Tuck Them into (Bunk) Bed Safely

Bunk beds are a convenient way to decorate a child’s room, whether they will be sharing the space with a sibling or an overnight guest. Especially when the room is small and you want space for "extras" like toys and other neat stuff, the bunk bed can be the ideal space-saver. But is it safe? This is a brief guide that outlines ways to give you peace of mind and keep your children safe and happy when using a bunk bed.

General Bunk Bed Safety Protocol

You can't watch them 24 hours a day, but you can set some ground rules the will reduce the possibilty of injury due to a bunk bed accident.

Do not purchase a bunk bed for children under six. If you are buying a bunk bed for older children with younger siblings, children under six years old should not be allowed on the upper bunk.

Limit the number of children on the top bunk to one or the weight capacity of the top bunk.

This is going to be a tough one to enforce, but have a "no bouncing, no roughhousing" on the top bunk rule.

Bunk beds must meet specified industry standards. To produce the best product they can make, many manufacturers follow voluntary standards in addition to the standardized ones. When assembling the unit, follow all of the instructions and don't make any modifications or substitutions. Any alterations you make might compromise the safety of the structure, and in most cases will void any warranty offered by the manufacturer.

Recent Safety Guideline Changes

To prevent the possibility of strangulation, the American Society for Testing and Materials (ASTM), the organization in charge of bunk bed safety standards, made recent ammendments to their safety guidelines. Any vertical protrusion above 3/16 of an inch is now considered to be unsafe and largely affects the use of decorative finials. To further discourage children from hanging anything from the top bunk, outline the rules from the start and enforce them whenever you notice them not being followed.

Safety standards

The U.S. Consumer Product Safety Commission requires that any bunk bed sold in the United States must meet the following requirements:

  • Have a label that states the manufacturer's name, model number and mattress size information
  • Have a warning label that advises against placing children under six years of age in the upper bunk
  • It must have a continuous guardrail on the wall side of bed if the bunk bed is taller than 30 inches
  • Openings anywhere on the unit, either the upper or lower bunk, must be small enough that a child's head, torso, or limb cannot pass through them.

Although not exactly the same, Canada also has a similar set of standards that apply to all Canadian-made bunk beds.


The top bunk should be protected on all four side to prevent your child from falling out of bed when rolling over in the night. This would include the headboard and footboard, in addition to side rails.

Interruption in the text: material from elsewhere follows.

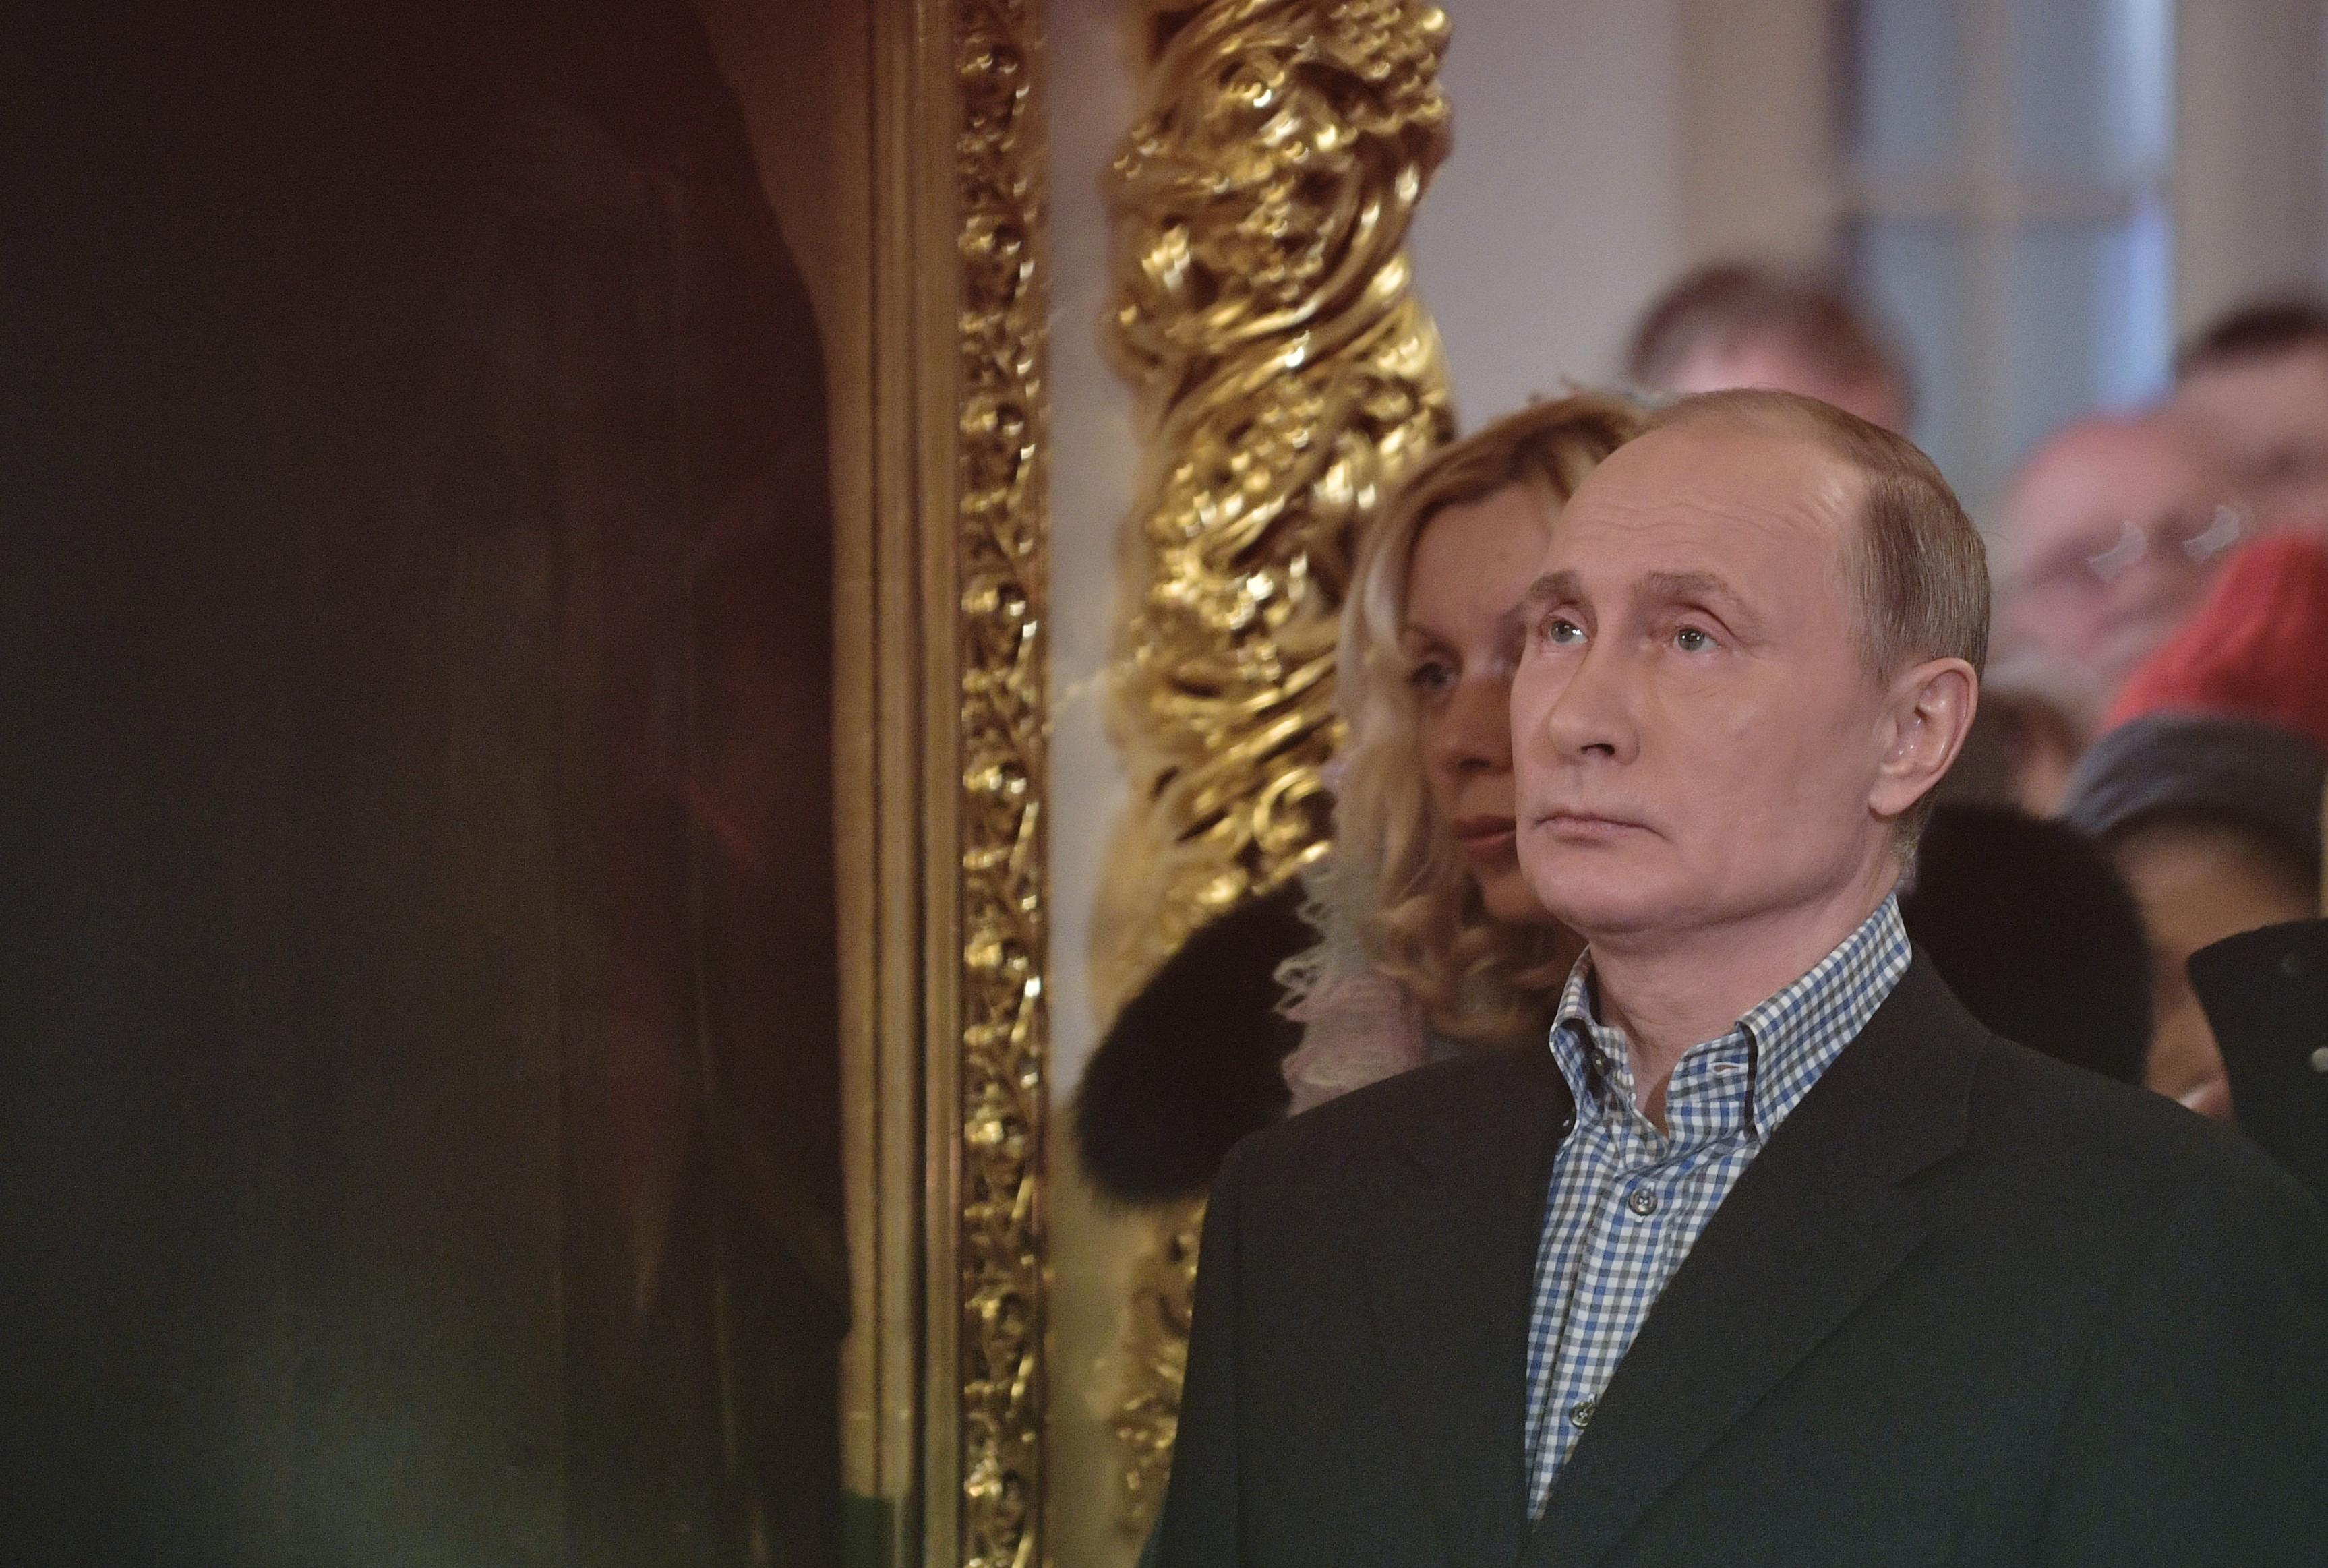 <p>Президент РФ Владимир Путин. Фото: &copy;РИА Новости/Алексей Никольский</p>

Even if you plan on putting the bunk bed against the wall, do not remove the rail; using the full length guardrail will prevent the person on the top bunk from getting trapped between the bed and the wall.

The side guardrails should rise at least five inches above the mattress. If the mattress is too high, it renders the guardrail too low and there is a chance your child can fall off the top bunk while sleeping (especially if he or she constantly moves in their sleep).

The gap between the bed frame and the bottom of the guardrail should not exceed 3.5 inches.

The spaces between the guardrails, whether vertical or horizontal, are also goverened by safety standards. They cannot be too wide, eliminating the chance of a child's head becoming wedged inbetween.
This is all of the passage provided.